From the Ashes
Page 25
Something screeched in the dark. It caused Monday to jerk in surprise, until he realized he knew that sound—the whine of nails being pried loose from wooden planks. It came again and again, until his maddened brain thought it might go on forever. When at last it ceased, there came a groan of wood and the blessed scent of fresh air.
Monday squinted against a blazing light that threatened to sear his eyes.
“Sorry.” Laney withdrew the lantern in her hand from Monday’s sight so that he stared up at a blanket of stars in the heavens and her alluring outline towering above him. Driscoll’s thin silhouette loomed next to hers, a hammer in his hand.
“What happened?” Monday tried to firm his voice but couldn’t raise it above a hoarse whisper.
Laney crouched next to him, setting aside a long-handled shovel. “The CEO thought he had killed you. Your heart stopped, but that happens sometimes when the blood takes hold. Managers always come back.”
Monday struggled up to a sitting position. His limbs might as well have been made of moss for all their strength. He tried to stand, but couldn’t.
“Don’t.” Laney pressed him back into the coffin. “You’re bound to be weak. Here, eat this.” She handed him a strip of beef jerky.
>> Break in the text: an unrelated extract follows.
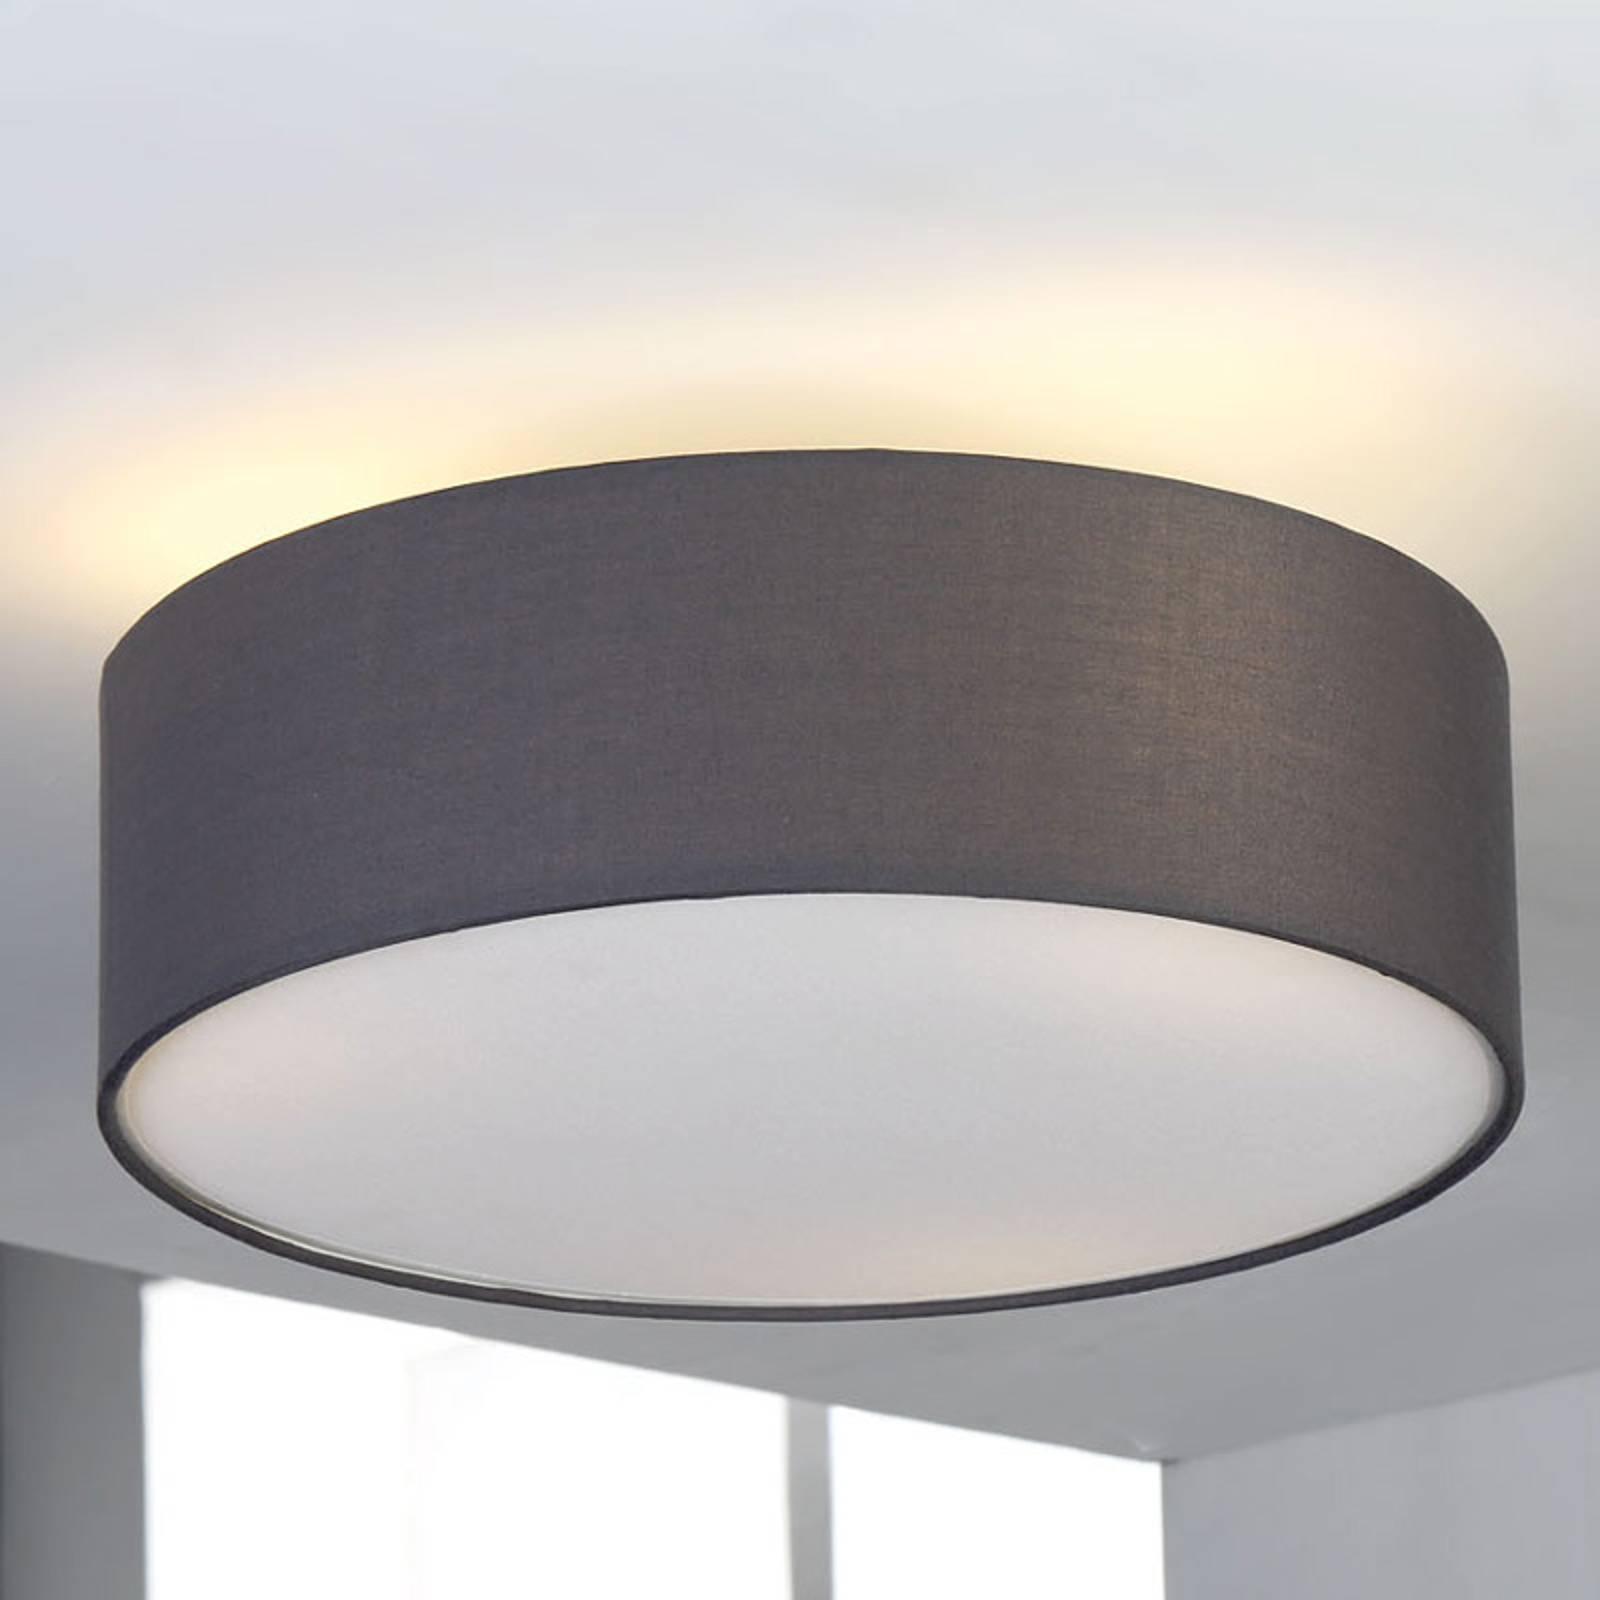 Jasnoszara lampa sufitowa SEBATIN z materiału

The scent of it made Monday’s head swim, and though he hadn’t noticed it in the darkness, he now recognized the gnawing hunger in his belly. No, not hunger. This feeling went beyond a mere desire for food, it bordered on an insane desperation, a ravening. Hands shaking, breath ragged in his throat, he snatched the morsel and scarfed it down, barely taking the time to chew, so urgent was his appetite.
Laney handed him a canteen filled with tepid water. He guzzled from it for several seconds, but the need for food outweighed his thirst. “Have you got more?”
“Lots.” She handed him several more strips along with a hunk of cheese she had brought, wrapped in oilcloth.
Monday ate them, washing the meal down with gulps of water to slake his thirst between bites. He had never known a meal as satisfying as that first one upon waking in his coffin under the stars.
“The blood demands sustenance when we’re injured.” Laney took the canteen from Monday and wiped his chin with the edge of her skirt.
Her words reminded him of the shots he had taken to the chest and stomach. In wonder, he explored those areas with his fingers. The council hadn’t bothered to change his clothes before burying him. He felt the fabric around his former wounds, stiff with his dried blood, and though his shirt evinced the holes left by CEO Hansen’s bullets, his flesh bore no damage he could find. The pain he remembered from his encounter with the town’s leaders had fled, replaced by a mostly quenched hunger.
He looked at Laney and Driscoll in wonder. “I’m whole.”
“You’re a corporate officer.” Laney made no attempt to hide the awe in her voice. “Like us.”
Monday blinked in the darkness, realization bleeding slowly into his thoughts. “You passed your nanites to me...you heal fast.”
Laney took his hand in both of her own. “And now, so do you.”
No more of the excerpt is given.